Instructions for the task:
Could you retype the whole listing word for word and drop the images?
*** Recorded data
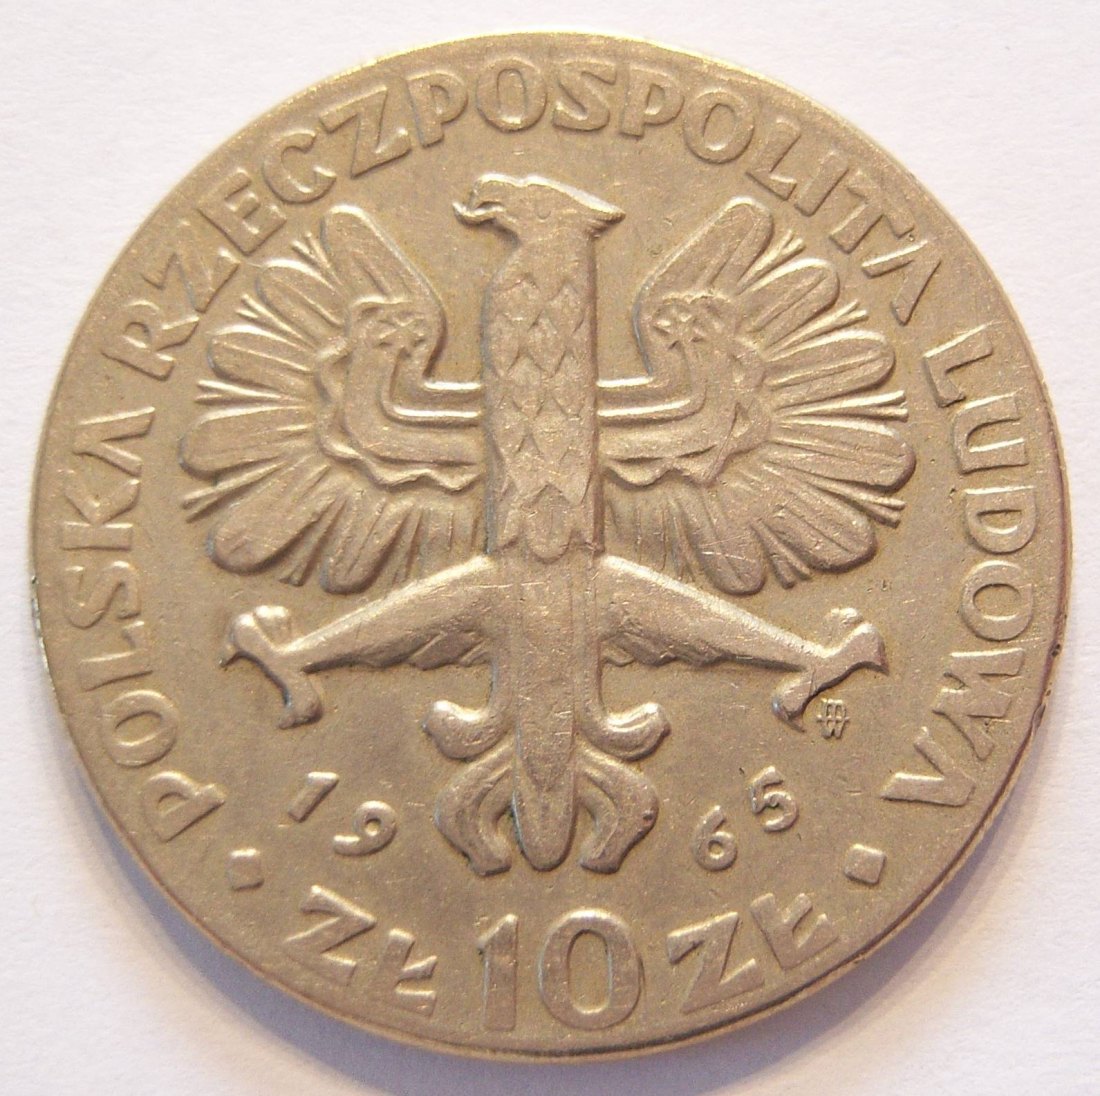  Polen 10 Zlotych 1965   
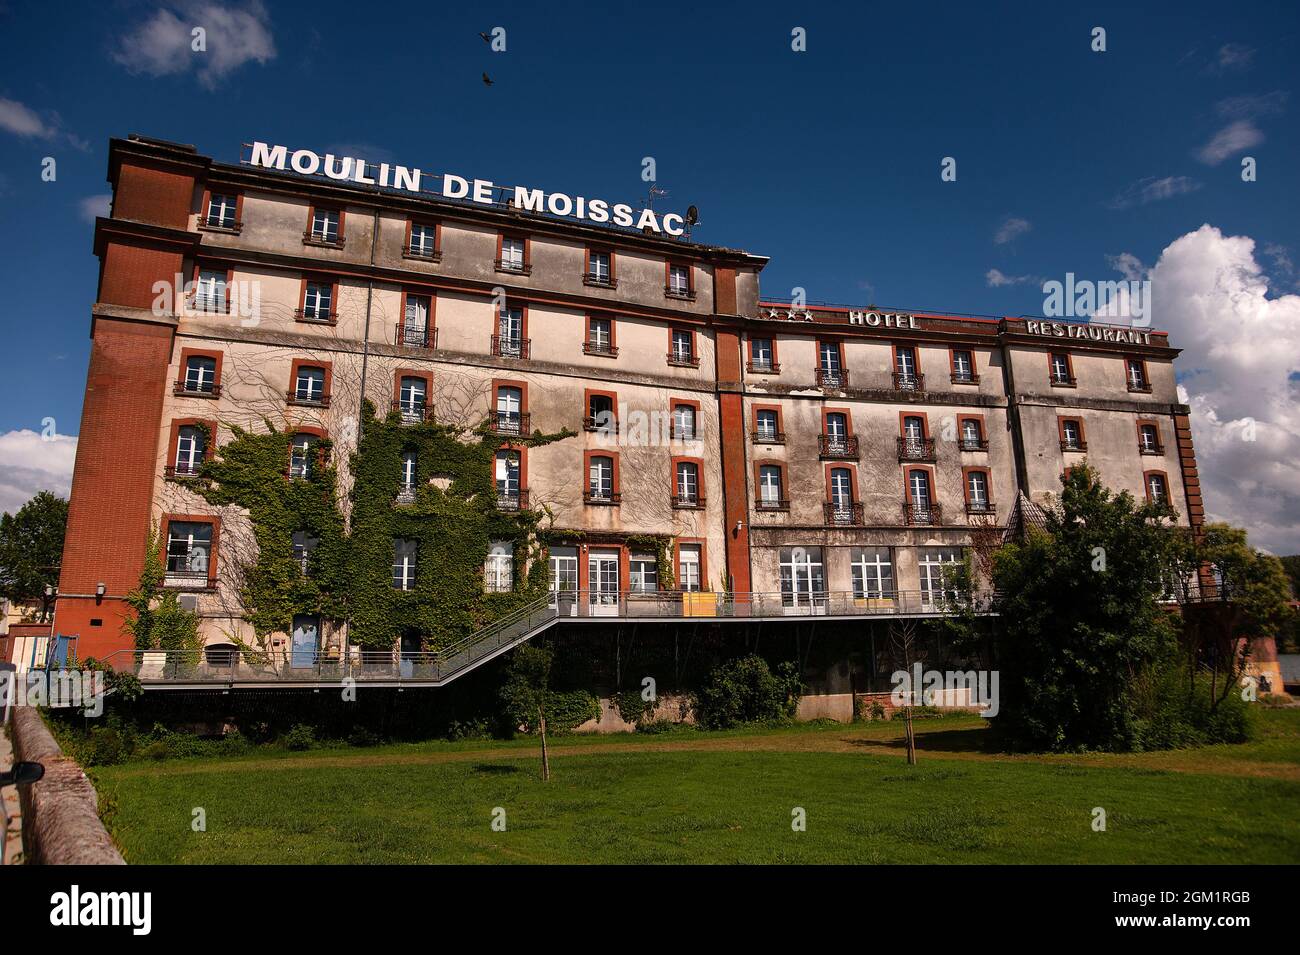 Moulin de Moissac hotel, Moissac, Tarn-et-Garonne department, France Stock Photo
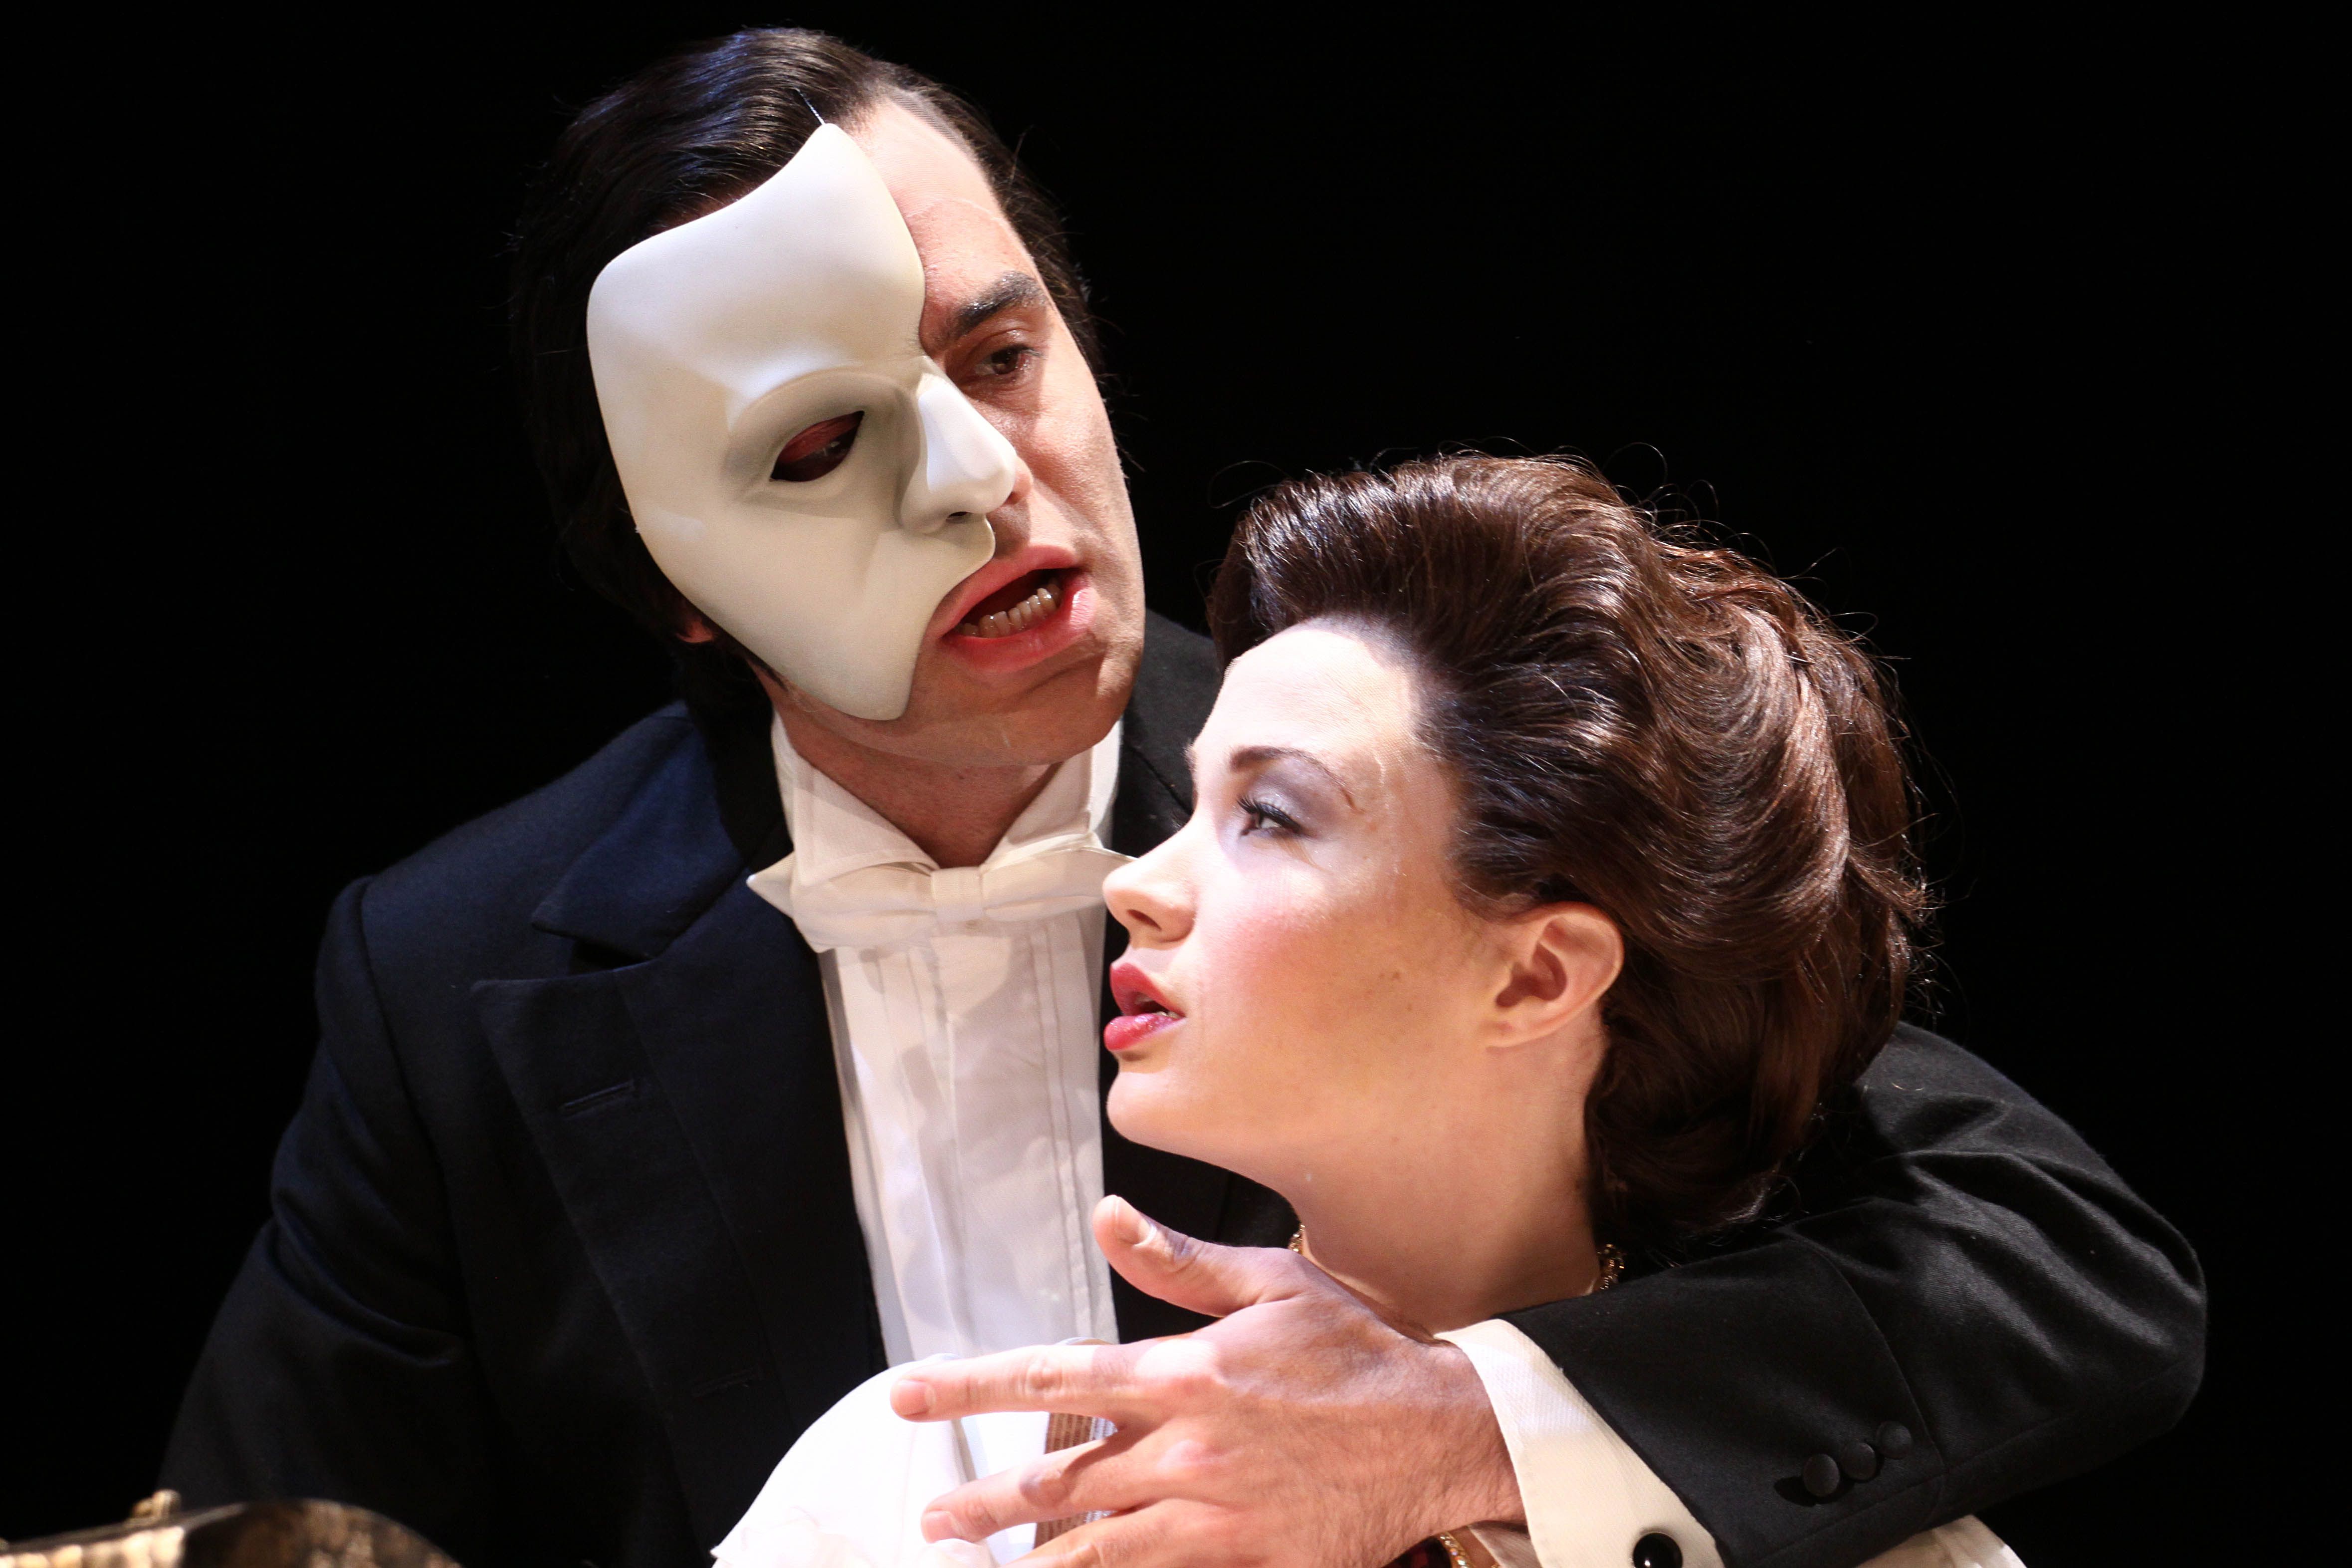 phantom of the opera movie online free
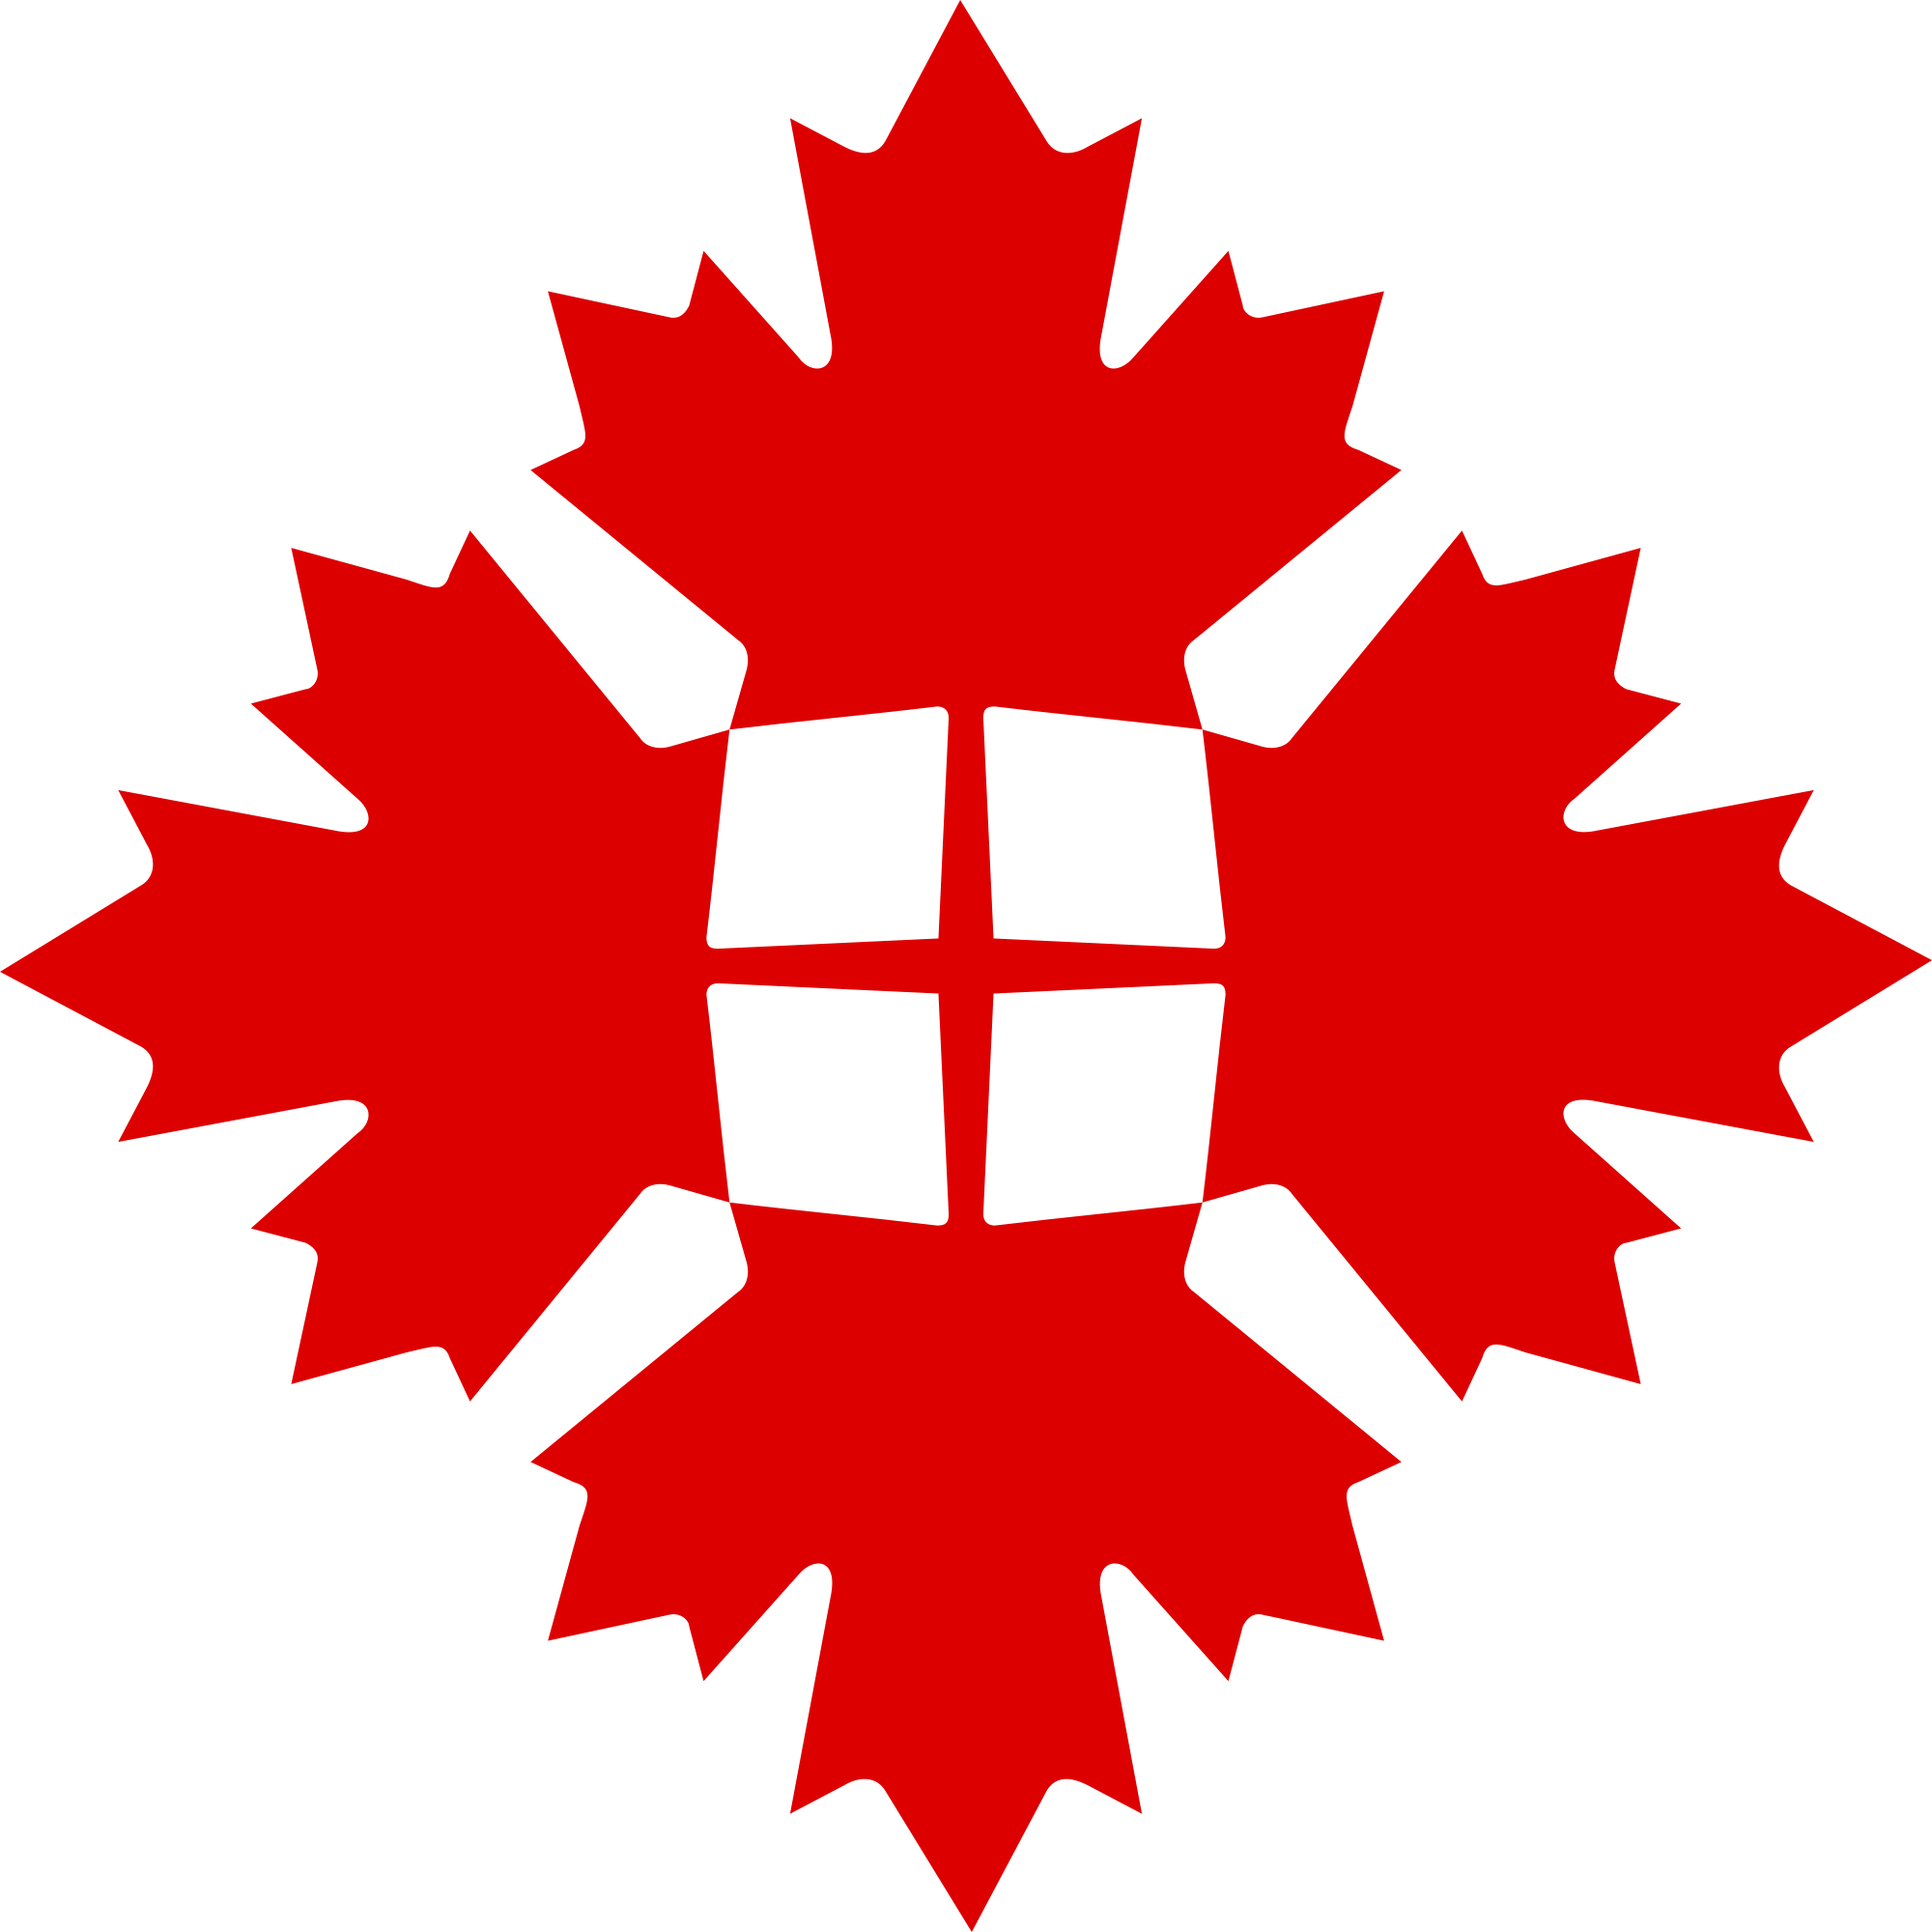 Fileheraldic Mark Of The Prime Minister Of Canadag - Brand Felt Ltd Canada (2000x2000)
******
Solution to this exercise:
  Polen 10 Zlotych 1965   
 Moulin de Moissac hotel, Moissac, Tarn-et-Garonne department, France Stock Photo
 phantom of the opera movie online free
 Fileheraldic Mark Of The Prime Minister Of Canadag - Brand Felt Ltd Canada (2000x2000)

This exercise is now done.